# Help, I have to drive!



## 20358 (Nov 14, 2005)

The good news is I have a 2nd interview tomorrow. I've been looking for work since Sept. of '05. The bad news is I have to drive an hour from home AND drive on the highway, which is panic trigger for me. I can't find anyone who will drive with me. I can't turn this interview down. They seem really interested in me and money is really tight right now. I get married in June and I NEED a job. Any suggestions to help me stay calm on the highway? I really am afraid to drive on it. Thanks.


----------



## overitnow (Nov 25, 2001)

Best I can tell you is stay in the right hand lane whenever possible, that way you can drive slower and only have to worry about traffic on one side of you. I know this is a ridiculous question; but can you afford a cheap motel? That way you could take a secondary road tonight and go to your interview fresh in the morning. I wish I could be more help.Mark


----------



## 20358 (Nov 14, 2005)

Thanks for the response Mark. But unfortunetly I have small children who need me at home, plus I have to be in court at 8:00 am. The court house is an hour away from where my interview is. I just can't figure out how to follow the directions, watch for aggressive drivers AND ward off any panic attacks while driving all at the same time. I can't do my relaxation excersise's while I'm driving. Darn, can't anything be easy in life? (rhetorical question)


----------



## tltrull (Nov 12, 2005)

When I get panicky in the car I turn up the radio and the AC...or if its cold roll down the window. The heater makes me feel much worse.


----------



## kitkat17 Lady of the Loo (Jul 21, 2005)

I wish I had the answer. But I am the worst on this. I freak everytime I HAVE to go somewhere. I hate getting out in the car anymore.If you find something that works let me know. I have yet to find a solution.Good LuckKat


----------



## 20250 (Jul 14, 2005)

Will you be driving on rt. 76? That's a tough road for anyone. Philly drivers are CRAZY!! I have to drive like them or they will drive you off the road. Oh, and they love flipping the bird and blowing the horn. Good luck


----------



## sancha (Dec 25, 2005)

playing my fav artist always seams to help ,it kind of keeps my mind off ,any worries and somehow calms me down, try it it might help


----------



## 22264 (Sep 26, 2005)

I don't know what your schedule is today but if you had the time you could drive there today just so you know where you're going.
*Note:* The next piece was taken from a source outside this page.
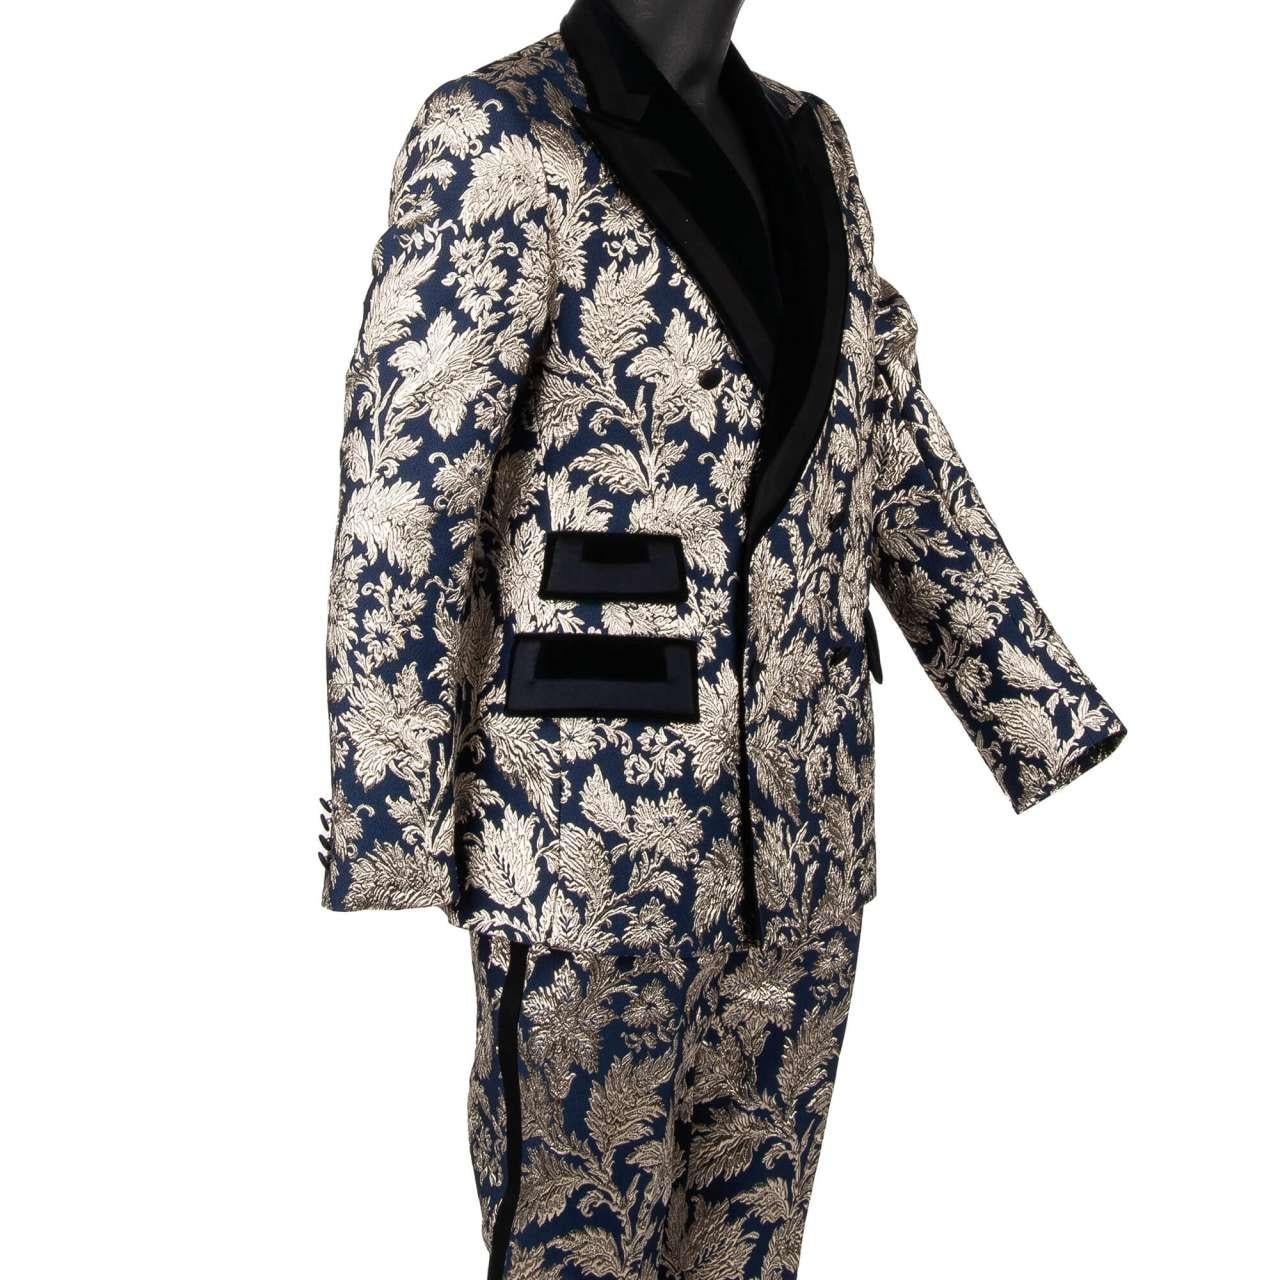 - Flowers pattern jacquard double-breasted suit with peak lapel in blue and silver by DOLCE & GABBANA - RUNWAY - Dolce & Gabbana Fashion Show - New with tag - Former RRP: EUR 3.450 - MADE IN ITALY - Slim Fit - Model: GK7IMT-HJMHB-S8354 - Material:

One of the biggest worries for me is not knowing where I'm going so before my last interview I drove by the place the week before.


----------



## 20745 (Dec 3, 2005)

I play my Joel Osteen CDS or other relaxing music but I like to feeel that God is in the car protecting meIt worksI am a neurotic driver but having God in the passenger seat really calms me down also remembering the calming =effect from Michaels tapes helpsKAren


----------



## 20358 (Nov 14, 2005)

Okay, I say this with some shame, but I made my 16 year old son come with me. I was just too afraid to do it by myself. It was a really bad stomach day the night before the interview. It hurt so bad I couldn't sleep. The day of the interview the pain eased some what after I got back, but after dinner the pain was back. Today is a little better. No pain, just some discomfort. The good news is the interview went extremely well. It looks promising.And Brett; if you're familar with the Northeast section of Philly (Bensalem) that's where I had to go. I live right outside of philly, but on the other side. I'm actually 5 minutes from the philly border line. Upper Darby. Have you heard of it? Well anyway, I had to go to Roosevelt blvd. and those drivers are total maniacs! But I survived, thankfully.


----------



## 20250 (Jul 14, 2005)

I'm not familiar with that area but the people do drive like maniacs in Philly. I was in South Philly Monday. At least you made it and hopefully you will get the job. But that will mean traveling there everyday, yes?


----------



## 20358 (Nov 14, 2005)

> quote:Originally posted by Brett Sr.:I'm not familiar with that area but the people do drive like maniacs in Philly. I was in South Philly Monaday. At least you made it and hopefully you will get the job. But that will mean traveling there everyday, yes?


Thankfully Brett, no! Just the interview was all the way out there. The actual job location is 20 minutes from home. Whew.... for that!


----------



## 20250 (Jul 14, 2005)

Oh,That's good. Could not imagine taking that drive everyday, that would give me IBS







.Good luck


----------